Another way to look at L is as the lifetime of a beacon, rather than the civilisation that built it. An automatic beacon could continue long after the civilisation that built it went extinct. Such beacons would be relics, like the pyramids or Stonehenge, not sending us a message about what is, but about what once was. Beacons could far outlive their builders and so if the Great Filter comes after the period in which civilisations could build beacons, then we should still be able to see their signals. That so far we haven’t detected them should be a worry to us all, for what fate befalls them could befall us.

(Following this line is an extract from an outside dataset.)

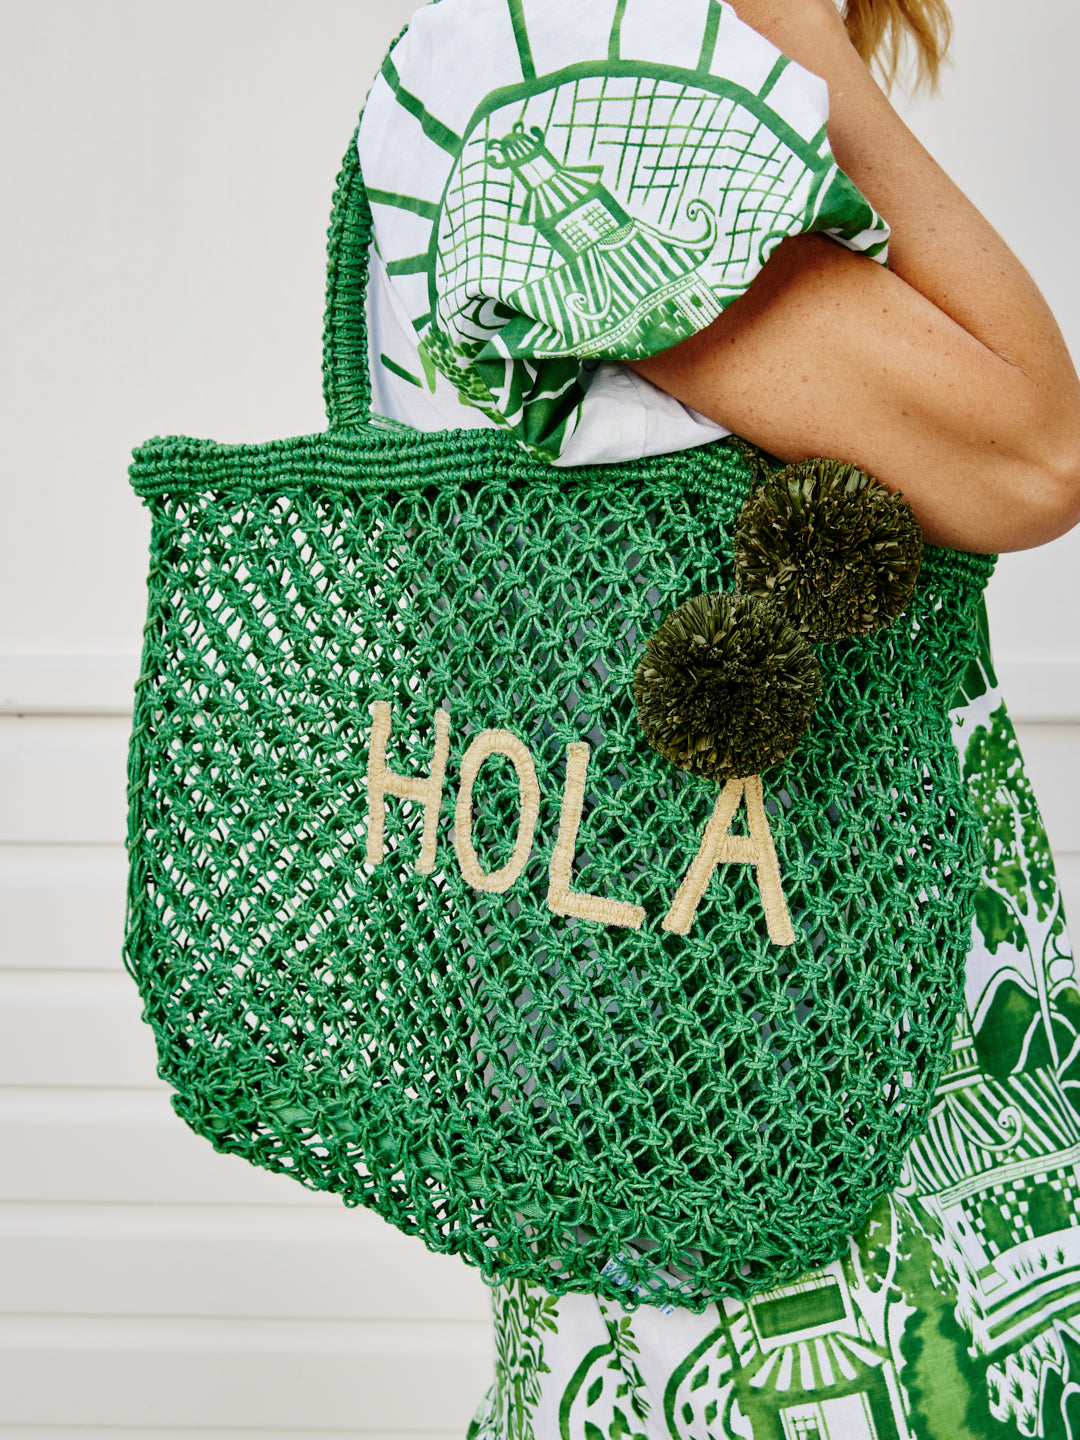 Macramé Tote - Hola with Green Poms

Can we improve on the Drake Equation? Some scientists say yes. We’ve already explored how it doesn’t cope very well with the different types of stars or planetary systems we are finding, and some tinkering to factor in these variables may be required. Peter Ward and Donald Brownlee, in their book Rare Earth, wanted to add the number of planets with a large moon for the reasons given in part 2, as well as the proportion of planetary systems that have a gas giant in a similar location as Jupiter to sweep up comets that could potentially be heading our way (however computer simulations modelled by Jonti Horner, now at the University of Durham, and Barrie Jones of the Open University indicate that Jupiter may fling just as many comets our way as it deflects safety away). Conversely, adding in an extra factor for planetary systems without a hot jupiter may be necessary if the Kozai mechanism proves to be dominant. We should also consider that an advanced civilisation could have spread to other planets, widening the number of worlds with intelligent life, even if that life is not native, so David Brin suggests adding several new factors to the Drake Equation to address this, namely the velocity at which a ‘galactic empire’ can expand into space, and the lifetime of the zone of colonisation into which a species has expanded. Meanwhile, Milan Cirkovic of the Belgrade Astronomical Observatory in Serbia contemplates super-civilisations, millions or billions of years in advance of us. To such beings radio may be as antiquated as smoke signals, so Cirkovic recommends adding another factor to the equation, which is the ratio between the duration of the communication window before a species qualifies for super-civilisation status and leaves old technology like radio behind, and the overall longevity of said species. Because these super-civilisations would likely be impossible to contact, says Cirkovic, there’s little point including them in the Drake Equation.

The Drake Equation has got a lot of stick over the years, perhaps some of which is deserved, but a lot of it isn’t. As an accurate measure of how many extraterrestrial civilisations are out there it fails miserably, but as a barometer of the kinds of things we need to know and come to terms with if we are to have any hope for our expectations of SETI being realistic, running through the equation is a useful exercise. Yes, we may not have any useful numbers for many of the equation’s factors, but it does tell us what things we are still ignorant about, and what we still have to learn, and that is a good start. Certainly, positive answers to the Drake Equation from the likes of Carl Sagan and Frank Drake himself have helped maintain enthusiasm for SETI over the last five decades. As they say, what is learned on the journey to discovery can be just as important as the discovery itself. Will the same be true for SETI? Only time will tell.